We then obtained new X-rays and CT scans and took those back to the drawing board in order to fine-tune the plan for Stage 2. We were able to achieve many of the surgical goals during the first stage, as evidenced by the dramatic improvement in his symptoms. As a result, Dr. Kachmann and I were able to perform the 2nd stage of the operation with far less destruction of normal anatomy.

Fifteen to 20 years ago, this operation would have been performed entirely from the back, requiring significant cutting of bone with invasive osteotomies to essentially shorten the patient, which increases the surgical risk substantially, especially in someone over 70. The ALIF/LLIF approaches allow a more natural and powerful correction, while reducing the associated surgical morbidity. As an added plus, patients are frequently elated when they return to clinic and discover that they are an inch or two taller than before!

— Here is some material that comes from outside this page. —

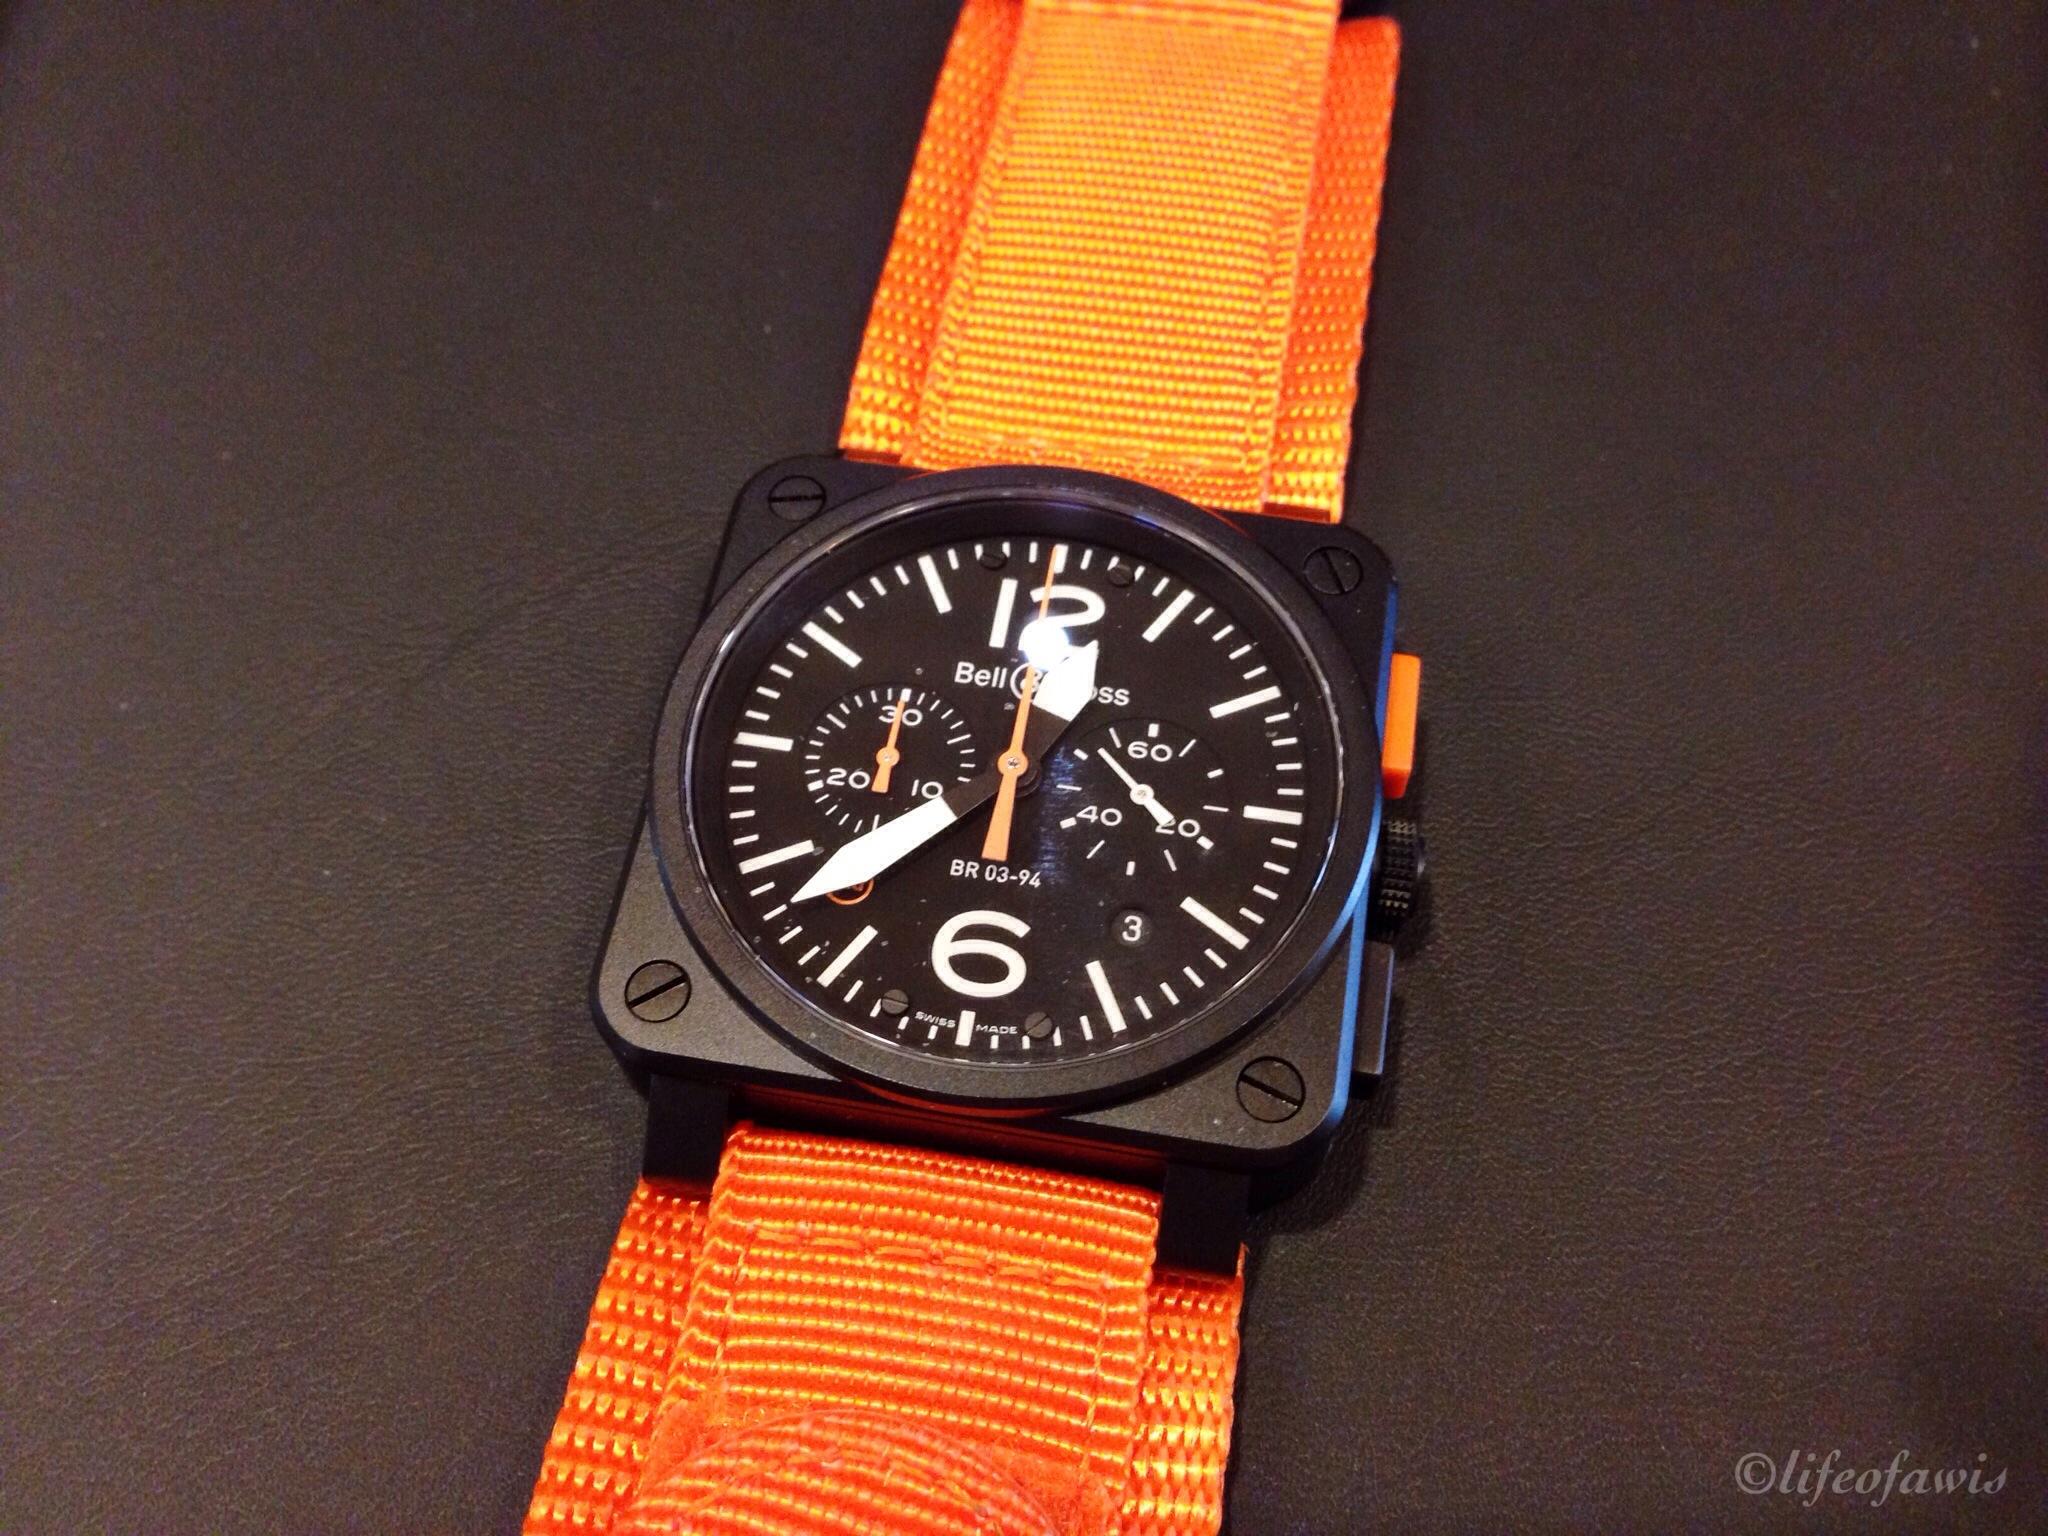 BR-03-94 Carbon Orange.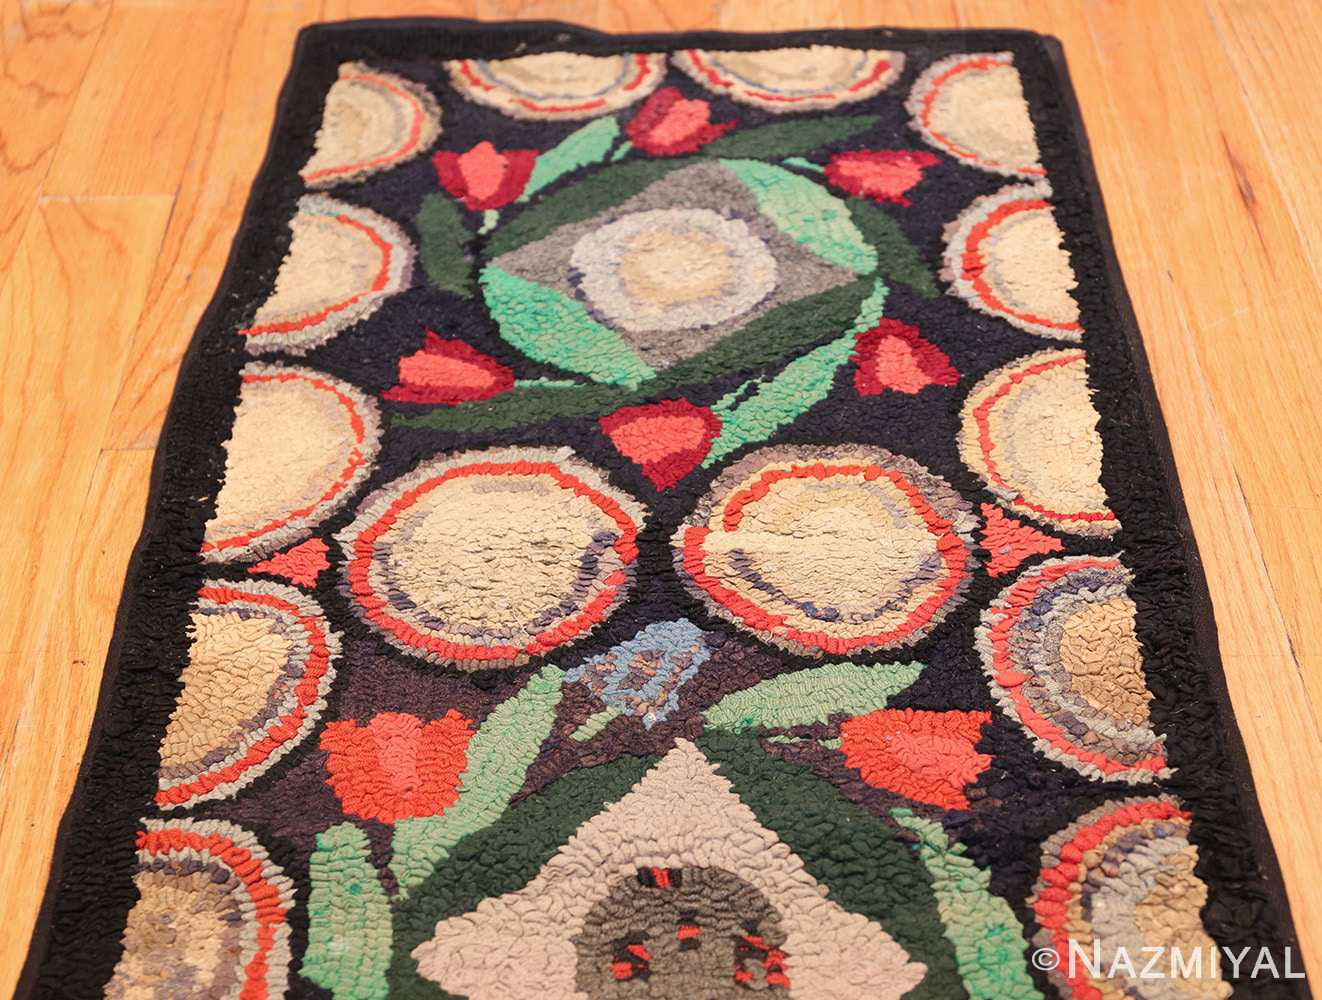 long antique art deco american hooked rug runner 49526 top Nazmiyal

Another note: With the thoracic segments of the fusion, T9-12, we employed a novel technique that we developed using a combination of metal rods with different degrees of stiffness to provide more flexibility at the top and limited the stress on the adjacent segments.

Spine Athlete Story Disclaimer -"Bill's Story" is about one patient's health-care experience. Please bear in mind that because every patient is unique, individual patients may respond to treatment in different ways. Results are influenced by many factors and may vary from patient to patient.